EXERCISE BRIEF :: Among the lines below, the one containing "Empire Dore Laterne" opens the range and the one containing "Eine fein gegossene" closes it. Print that range exactly, without the pictures.

SOURCE INFORMATION ::

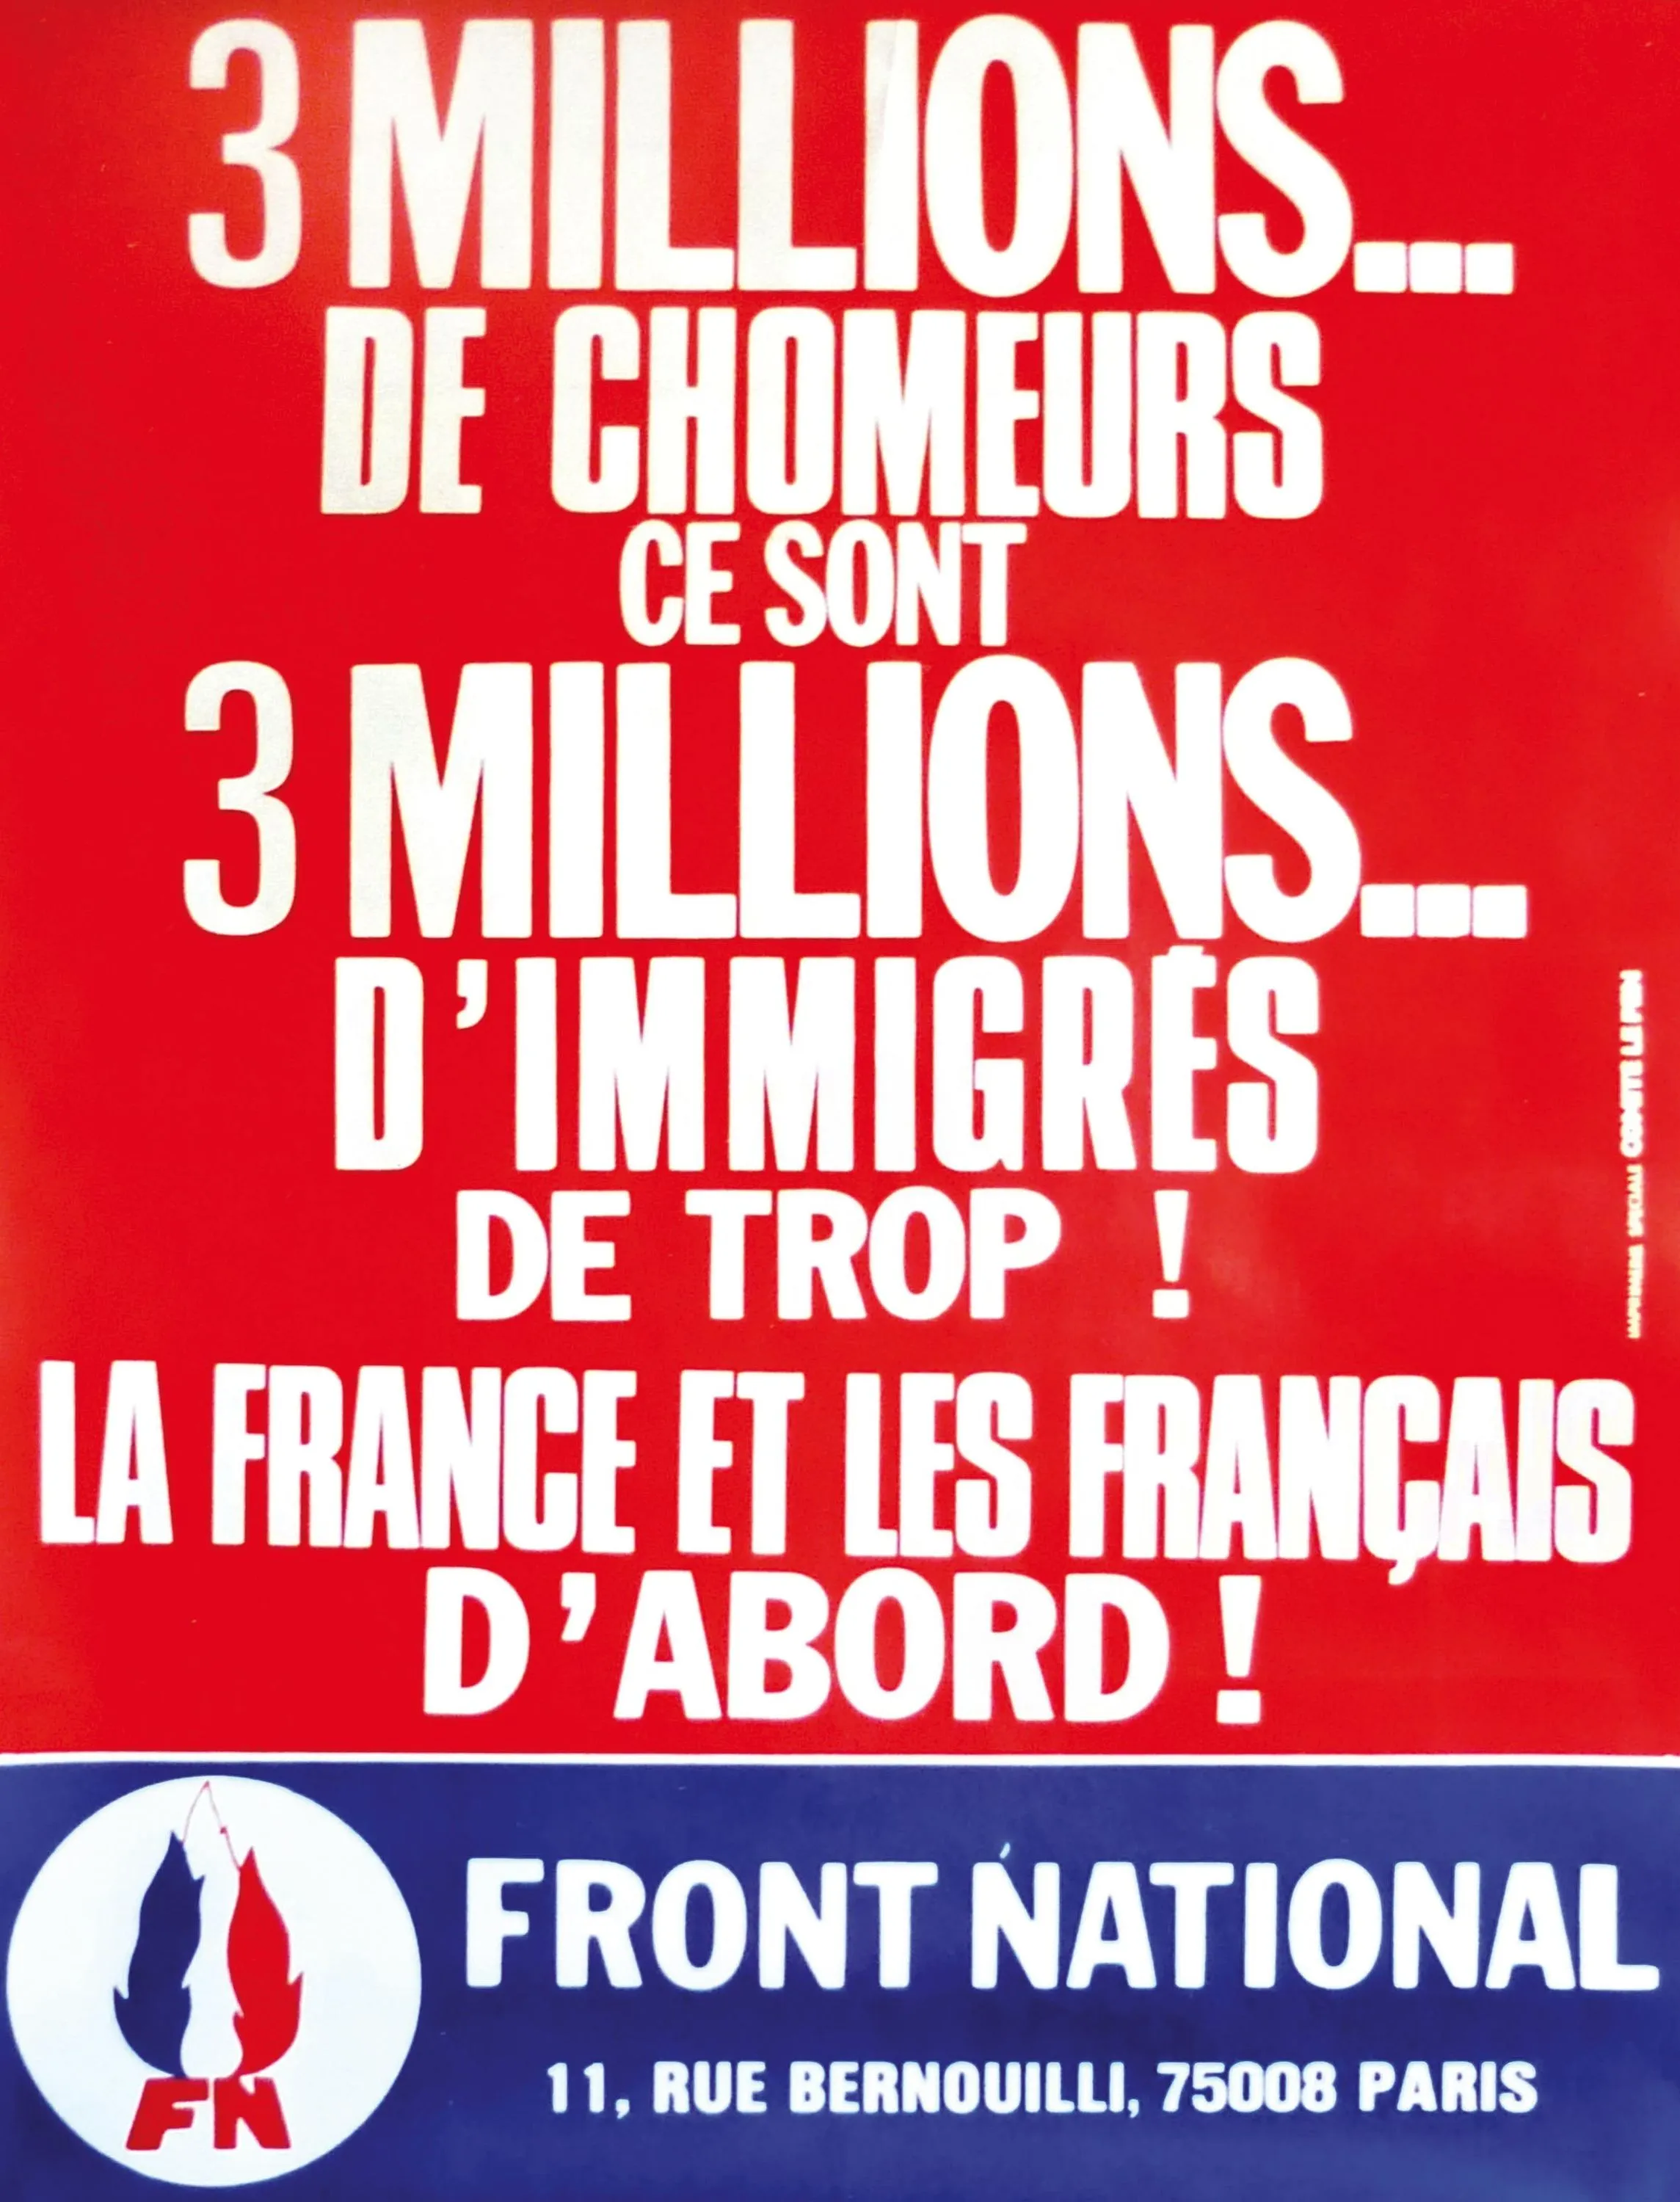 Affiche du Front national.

* * *

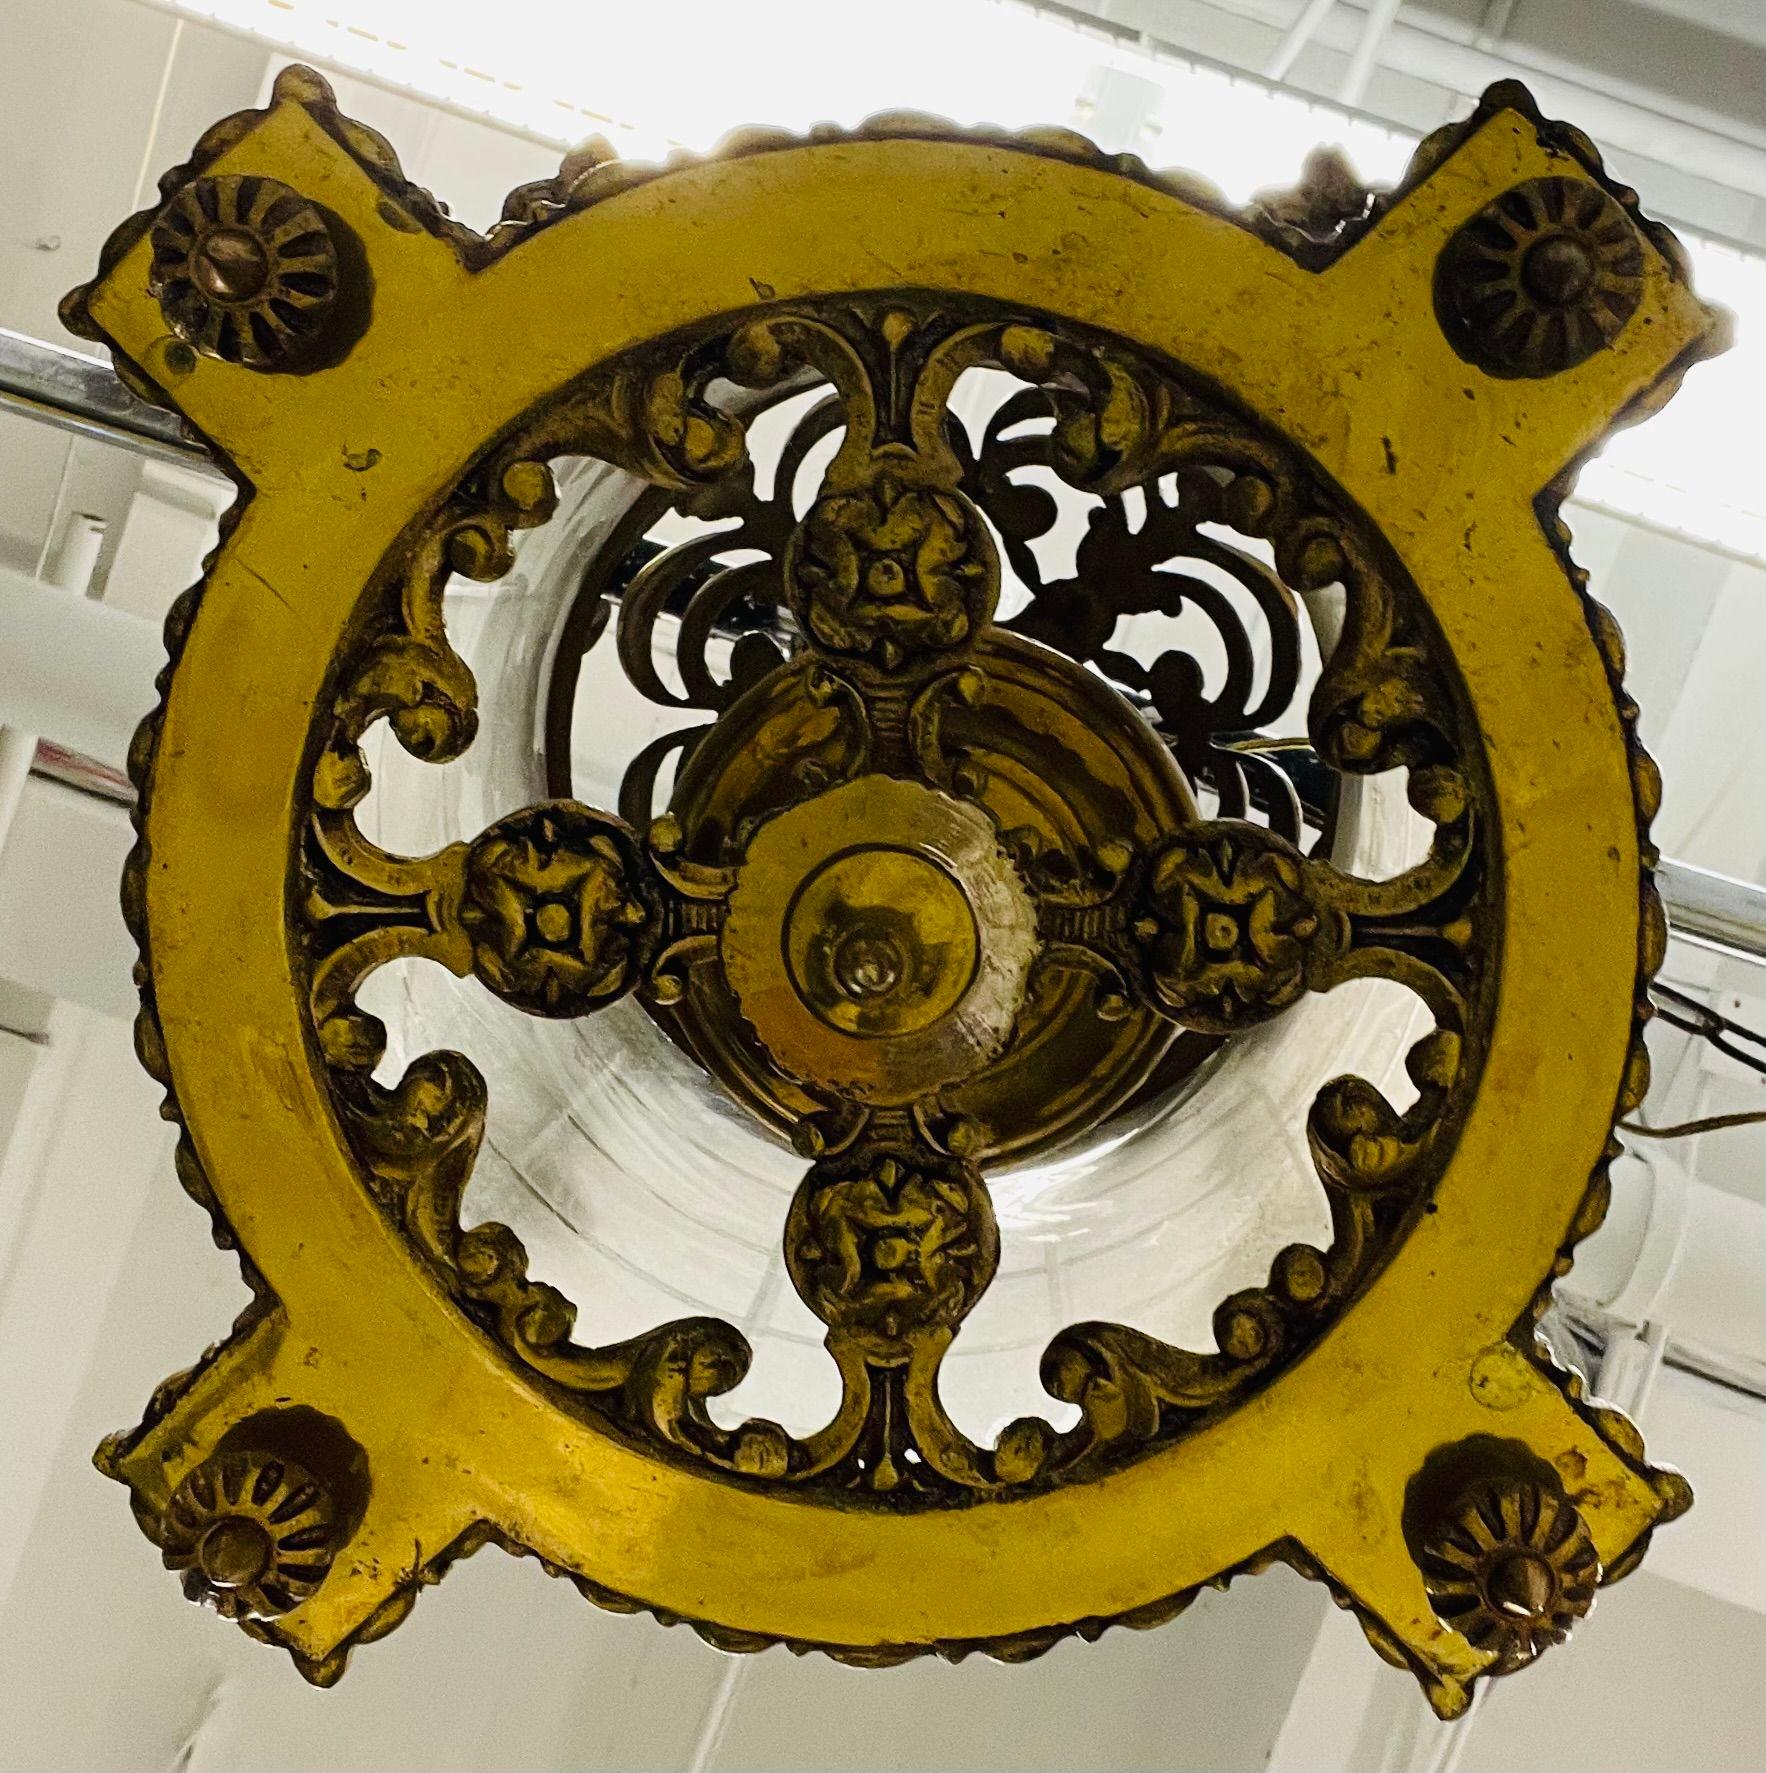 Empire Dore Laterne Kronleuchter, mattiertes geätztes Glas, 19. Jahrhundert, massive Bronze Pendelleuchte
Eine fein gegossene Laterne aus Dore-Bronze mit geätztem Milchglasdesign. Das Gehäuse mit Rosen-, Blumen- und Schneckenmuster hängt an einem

EXERCISE ANSWER ::
 Empire Dore Laterne Kronleuchter, mattiertes geätztes Glas, 19. Jahrhundert, massive Bronze Pendelleuchte
Eine fein gegossene Laterne aus Dore-Bronze mit geätztem Milchglasdesign. Das Gehäuse mit Rosen-, Blumen- und Schneckenmuster hängt an einem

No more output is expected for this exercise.